▸ PROMPT
Your copy should repeat the data that follows exactly and contain no image.

▸ GIVEN INFORMATION

------------------------------------------------------------------------

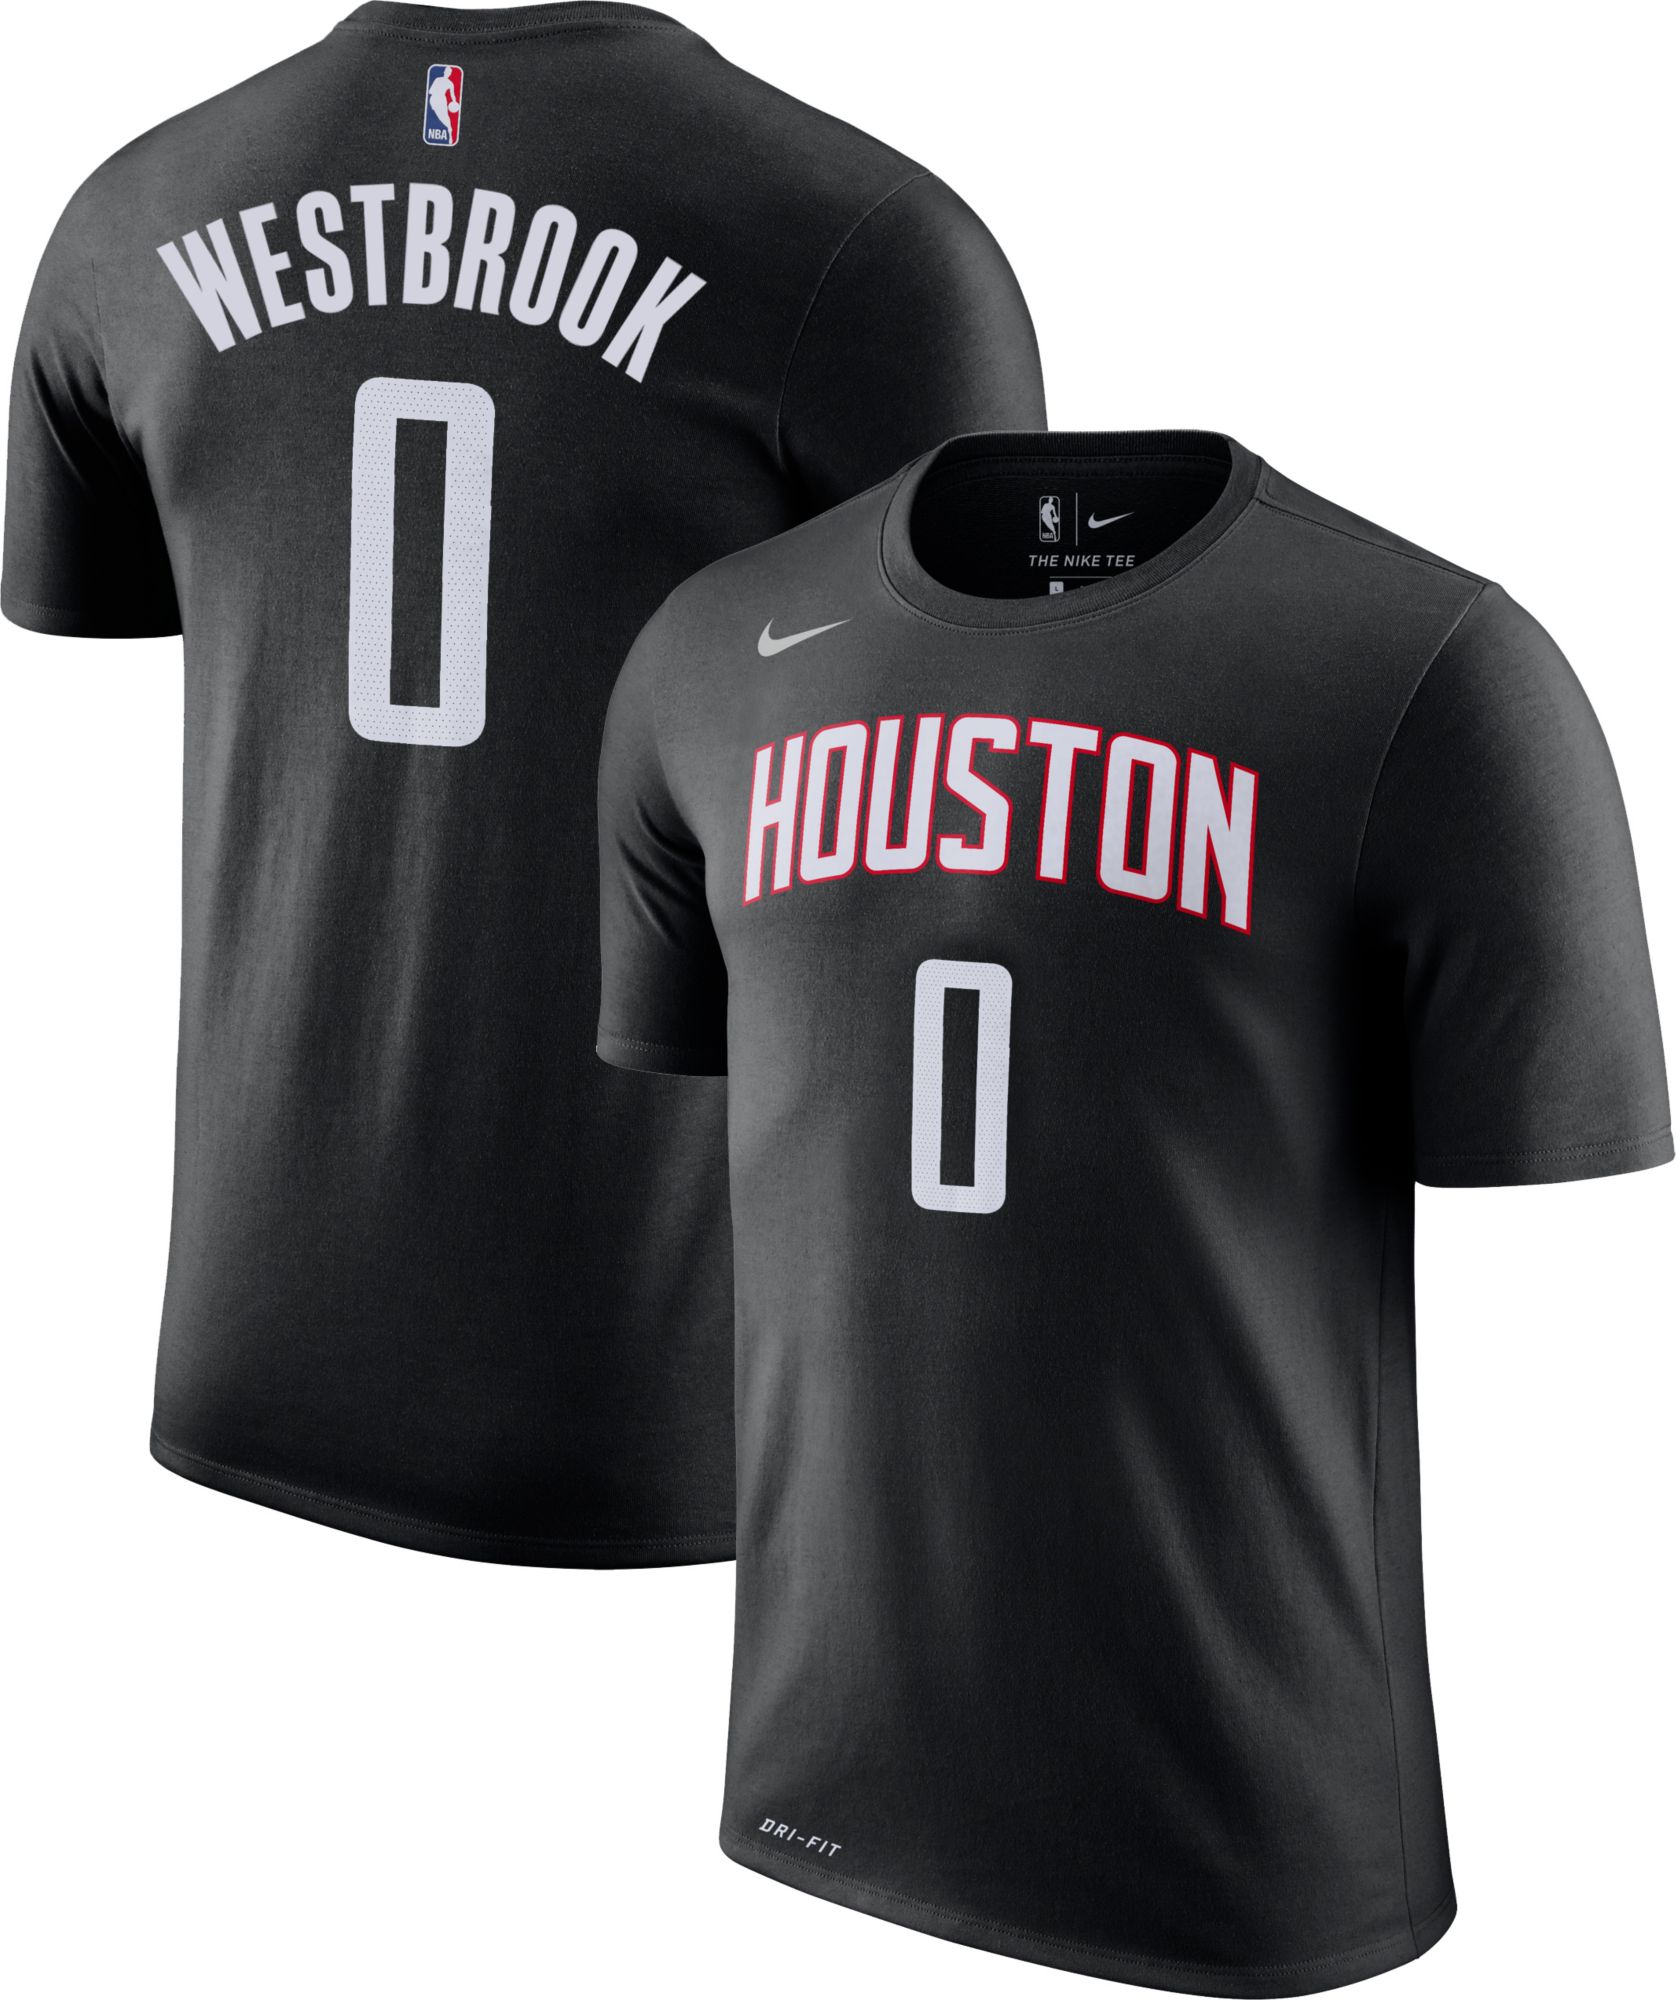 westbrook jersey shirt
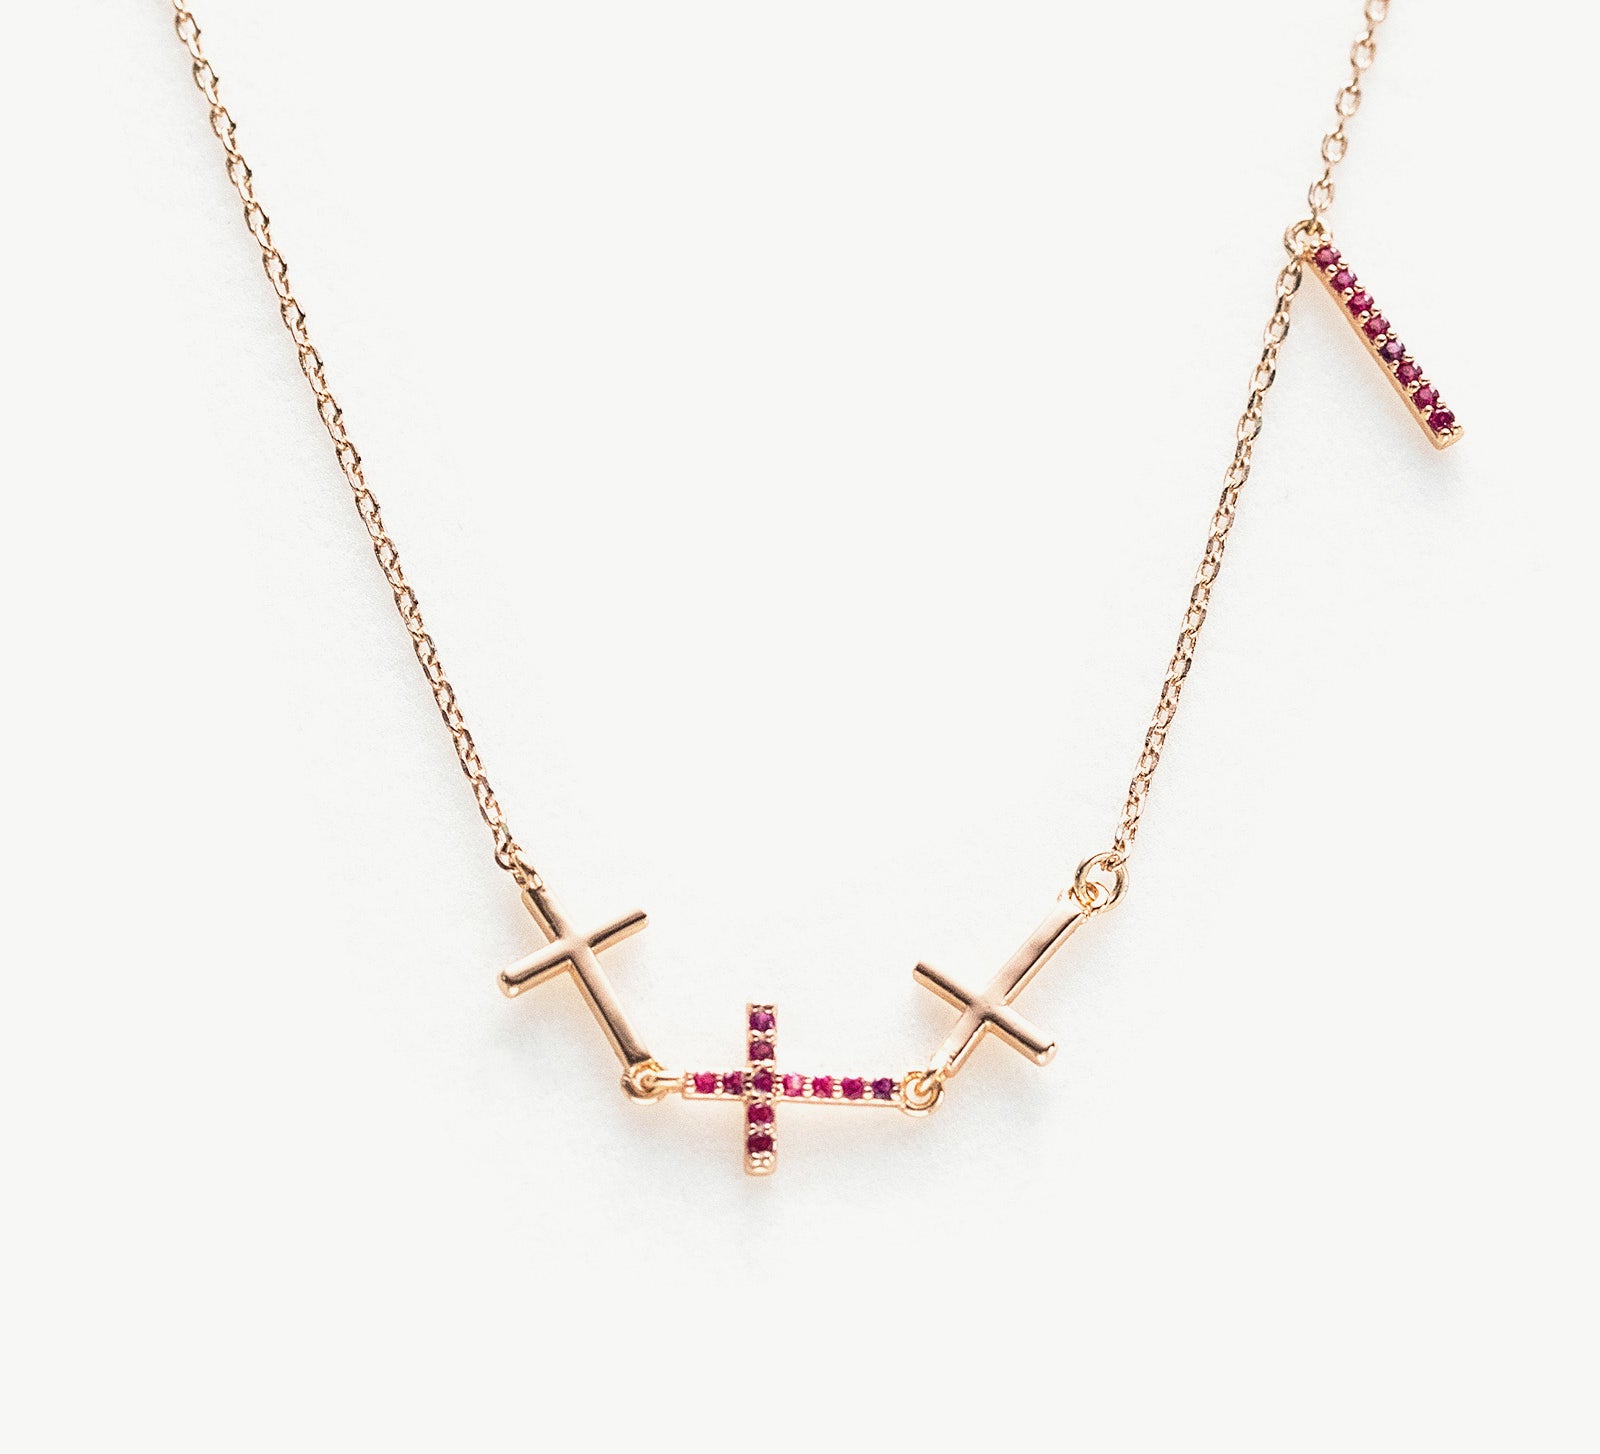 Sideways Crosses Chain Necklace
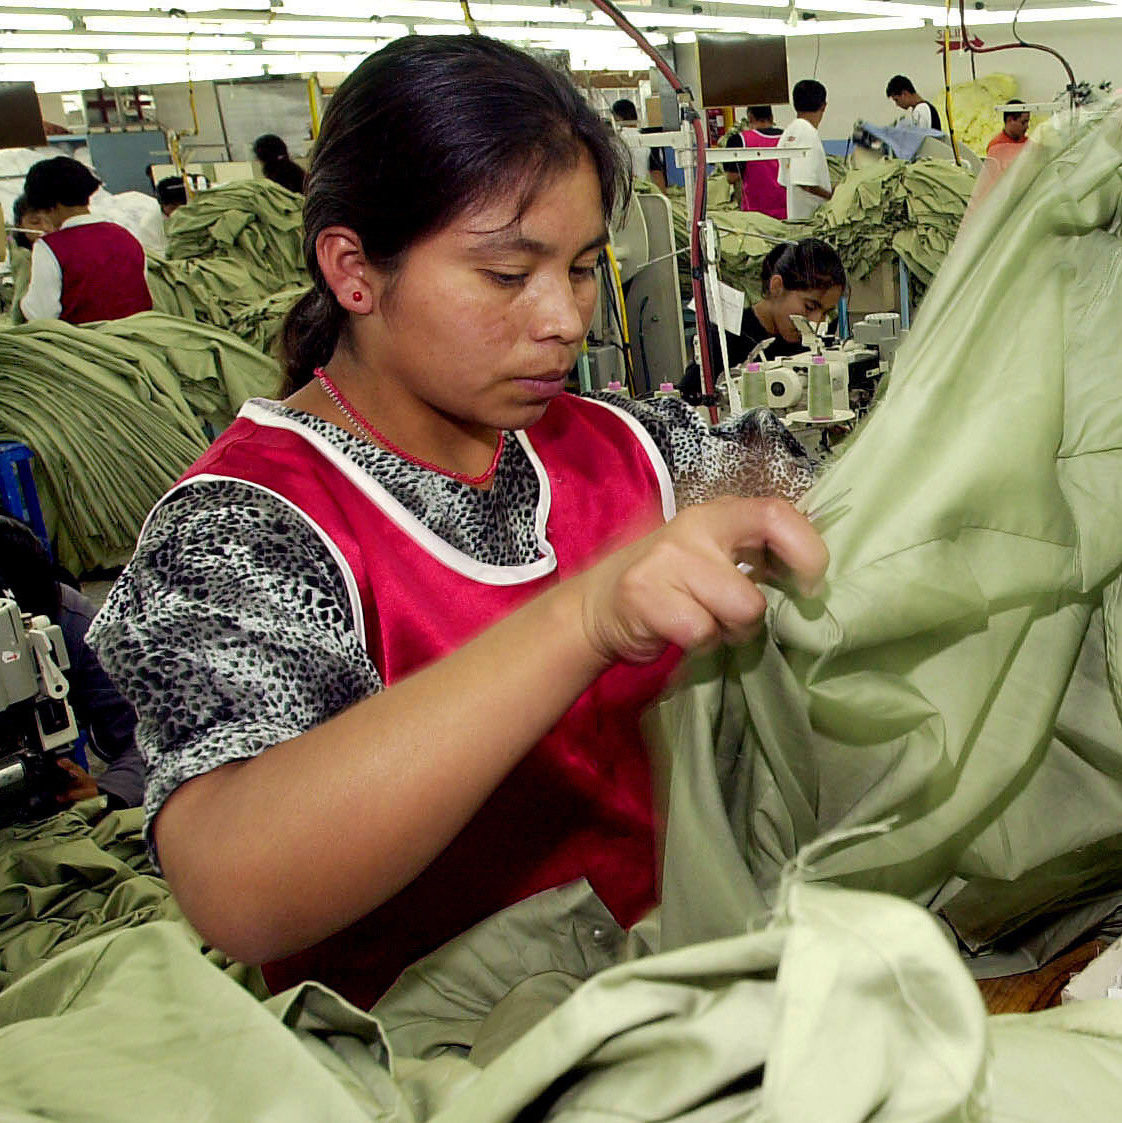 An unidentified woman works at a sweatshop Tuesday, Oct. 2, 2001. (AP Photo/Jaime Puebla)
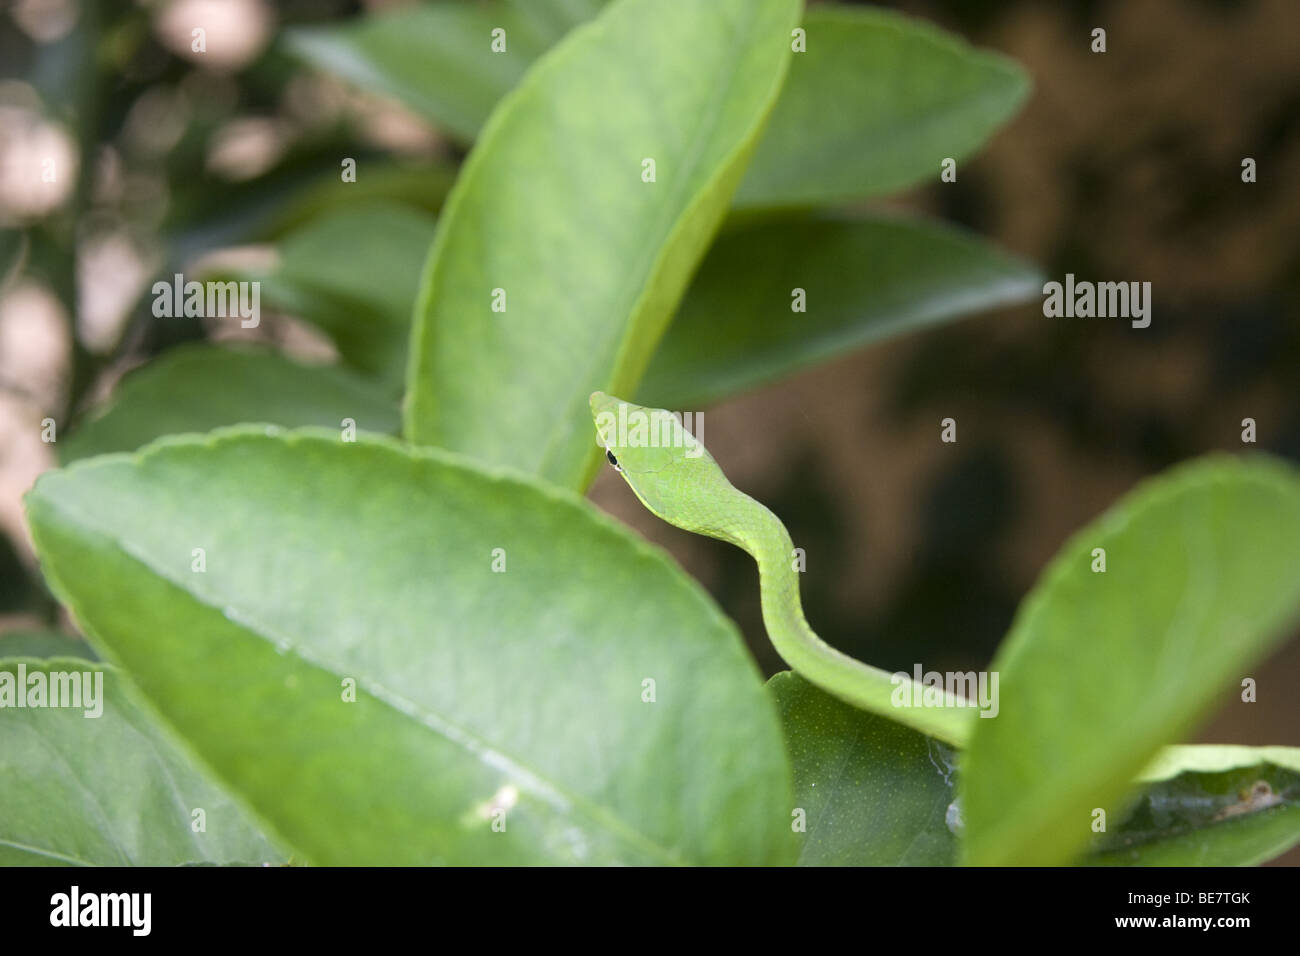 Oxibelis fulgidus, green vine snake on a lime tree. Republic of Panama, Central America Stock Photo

------------------------------------------------------------------------

▸ OUTPUT
 westbrook jersey shirt
 Sideways Crosses Chain Necklace
 An unidentified woman works at a sweatshop Tuesday, Oct. 2, 2001. (AP Photo/Jaime Puebla)
 Oxibelis fulgidus, green vine snake on a lime tree. Republic of Panama, Central America Stock Photo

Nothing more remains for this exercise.